Using a possible loophole in UN sanctions that bar the North from ballistic missile activity, Pyongyang claimed it was exercising its right to peaceful space development.

The US said nuclear-armed North Korea clearly violated the resolution, but objections from Russia and China – the North’s closest ally – will almost certainly water down any response. Both have security council veto power.

While the rogue communist state has repeatedly been belligerent – as it was when it carried out an underground nuclear blast and tested ballistic missiles in recent years – Pyongyang showed increased savvy this time that may make punishment more complicated.

Unlike previous provocations, the North notified the international community that the launch was coming and the route the rocket would take, although critics of North Korea leader Kim Jong Il claim he really was testing a ballistic missile capable of hitting US territory.
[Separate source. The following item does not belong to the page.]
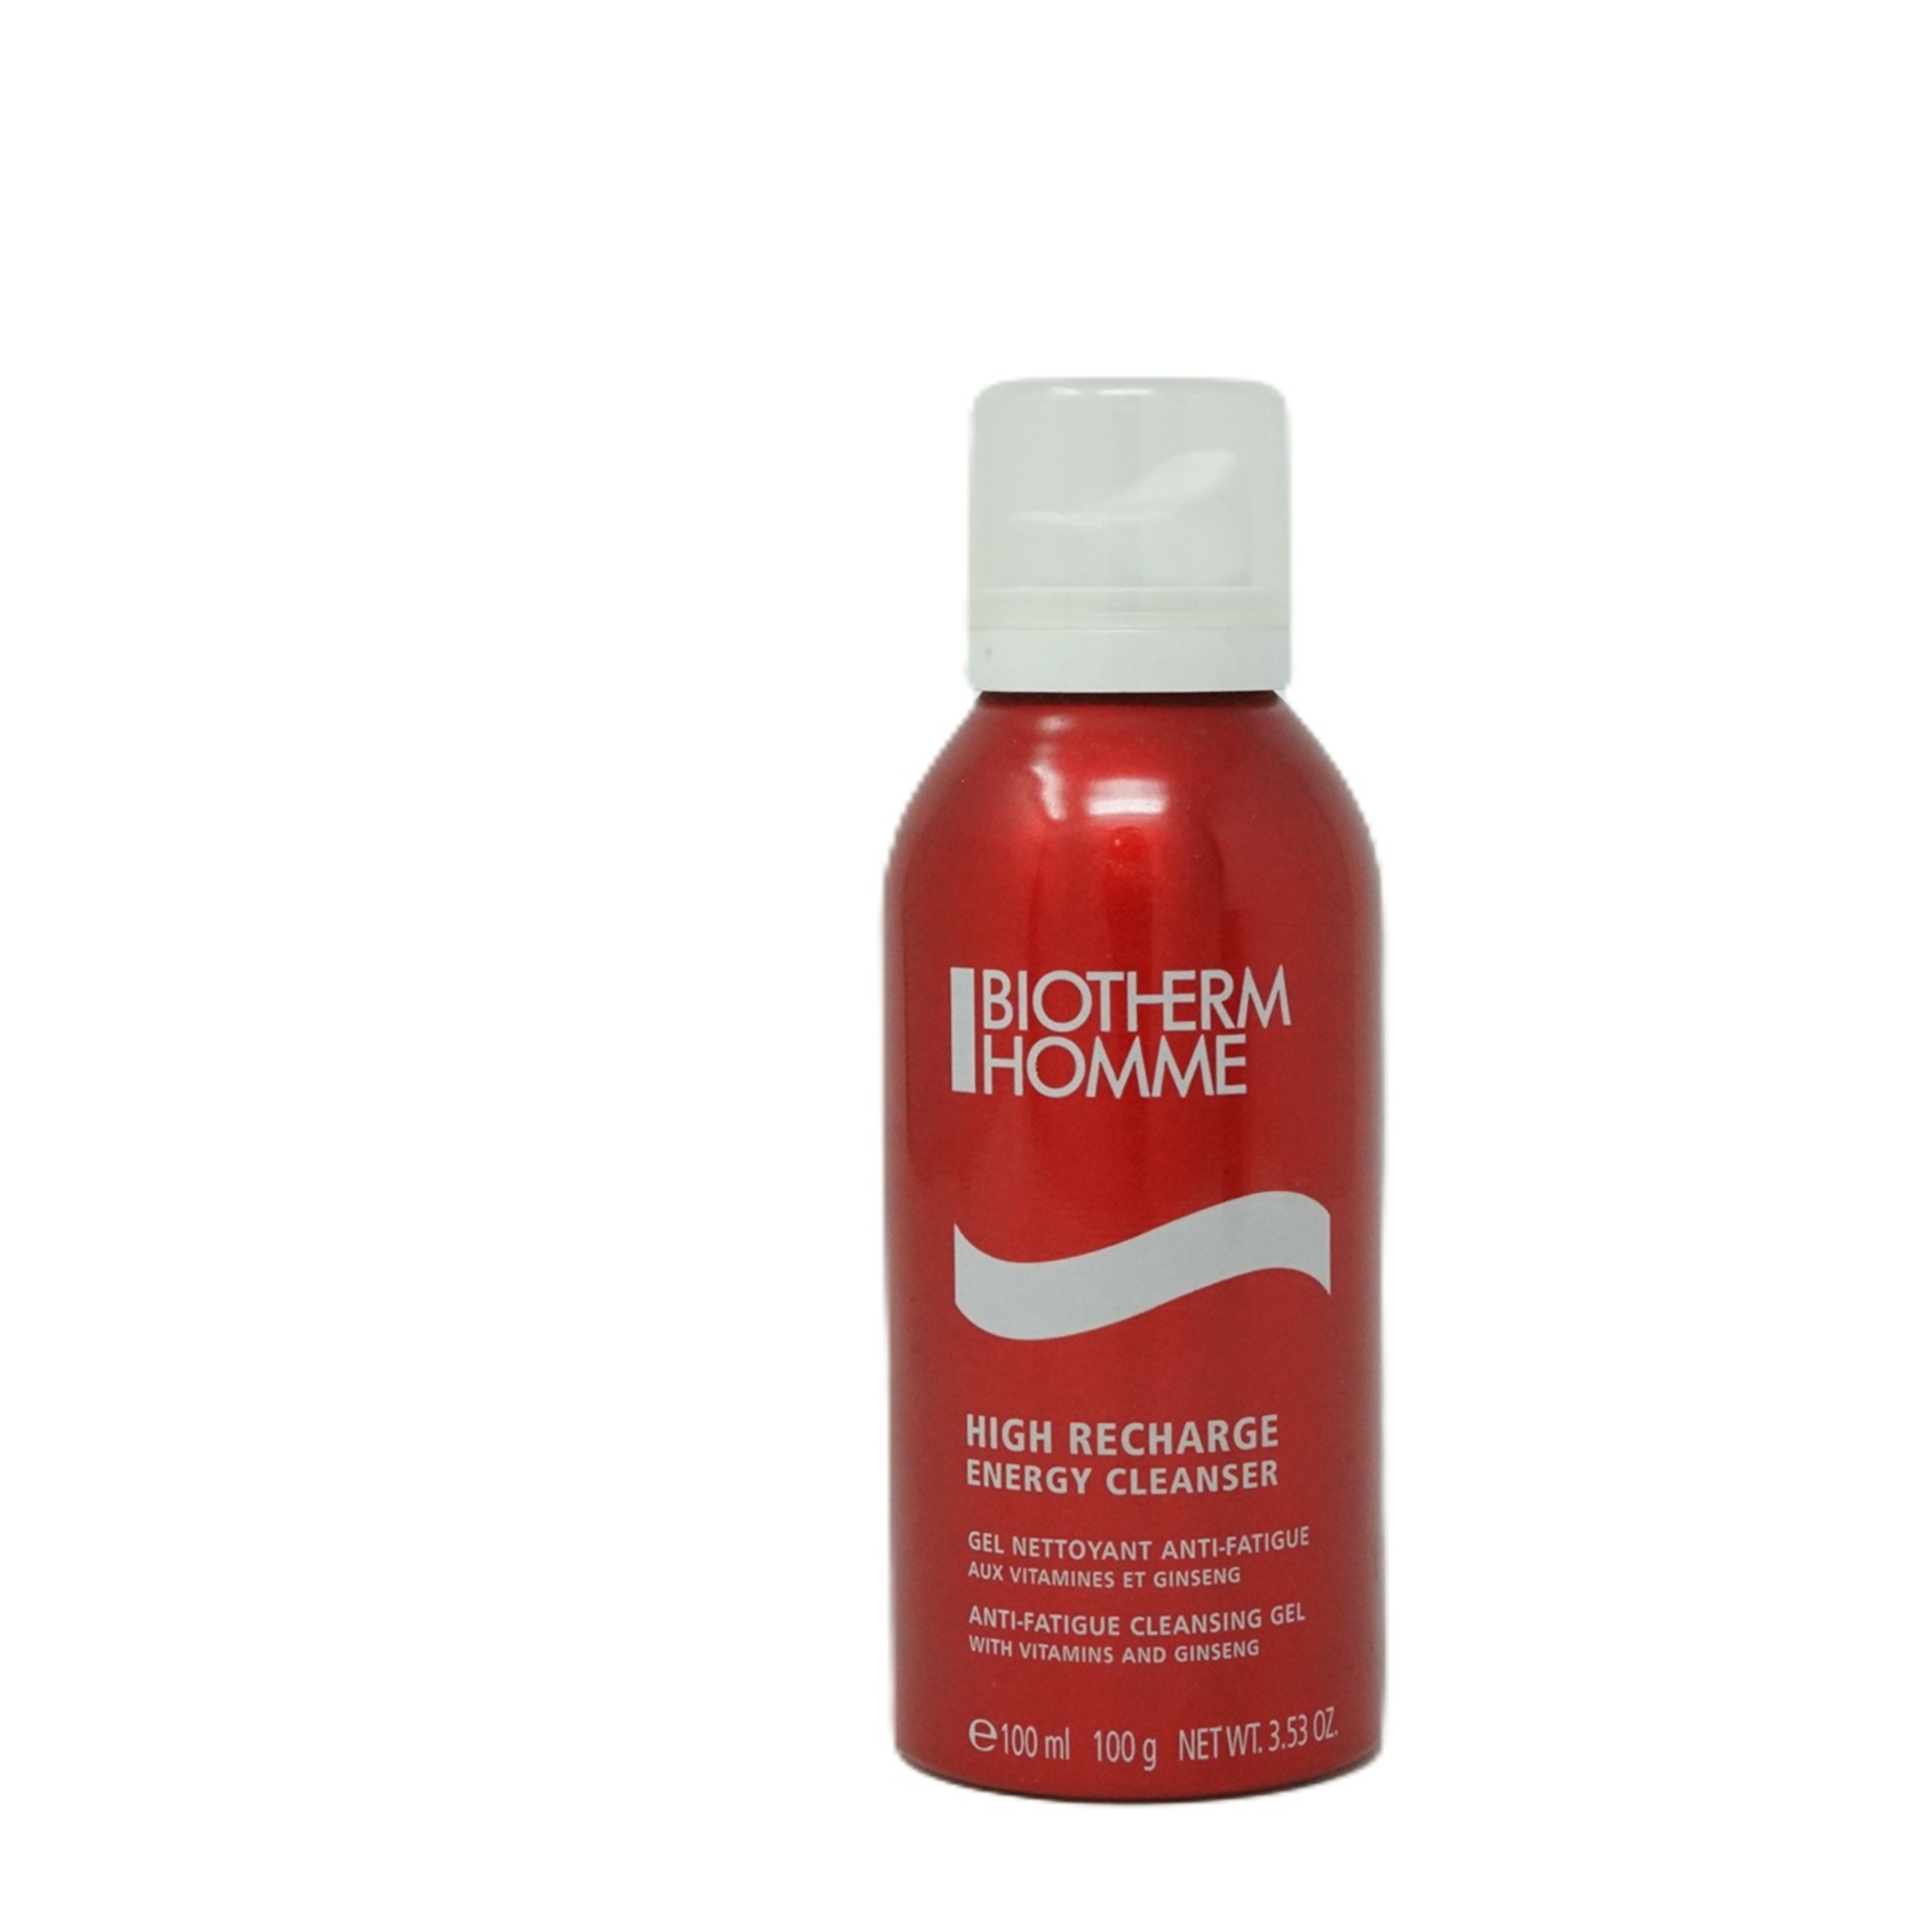 Biotherm Homme High Recharge Cleansing Gel 100ml

Analysts say sanctions imposed after the North’s underground nuclear test in 2006 appear to have had little effect because some countries showed no will to impose them.

North Korea’s state Korean Central News Agency reported that Kim observed the launch. He expressed “great satisfaction” that North Korea’s technicians “successfully launched the satellite with their own wisdom and technology”.

Despite its policy of “juche” or “self-reliance”, communist North Korea is one of the world’s poorest countries, has few allies and is in desperate need of outside help.

Pyongyang for years has used its nuclear weapons program as its trump card, promising to abandon its atomic ambitions in exchange for aid, then exercising the nuclear threat when it does not get its way. The North has also reportedly been selling missile parts and technology to whoever has the cash to pay for it.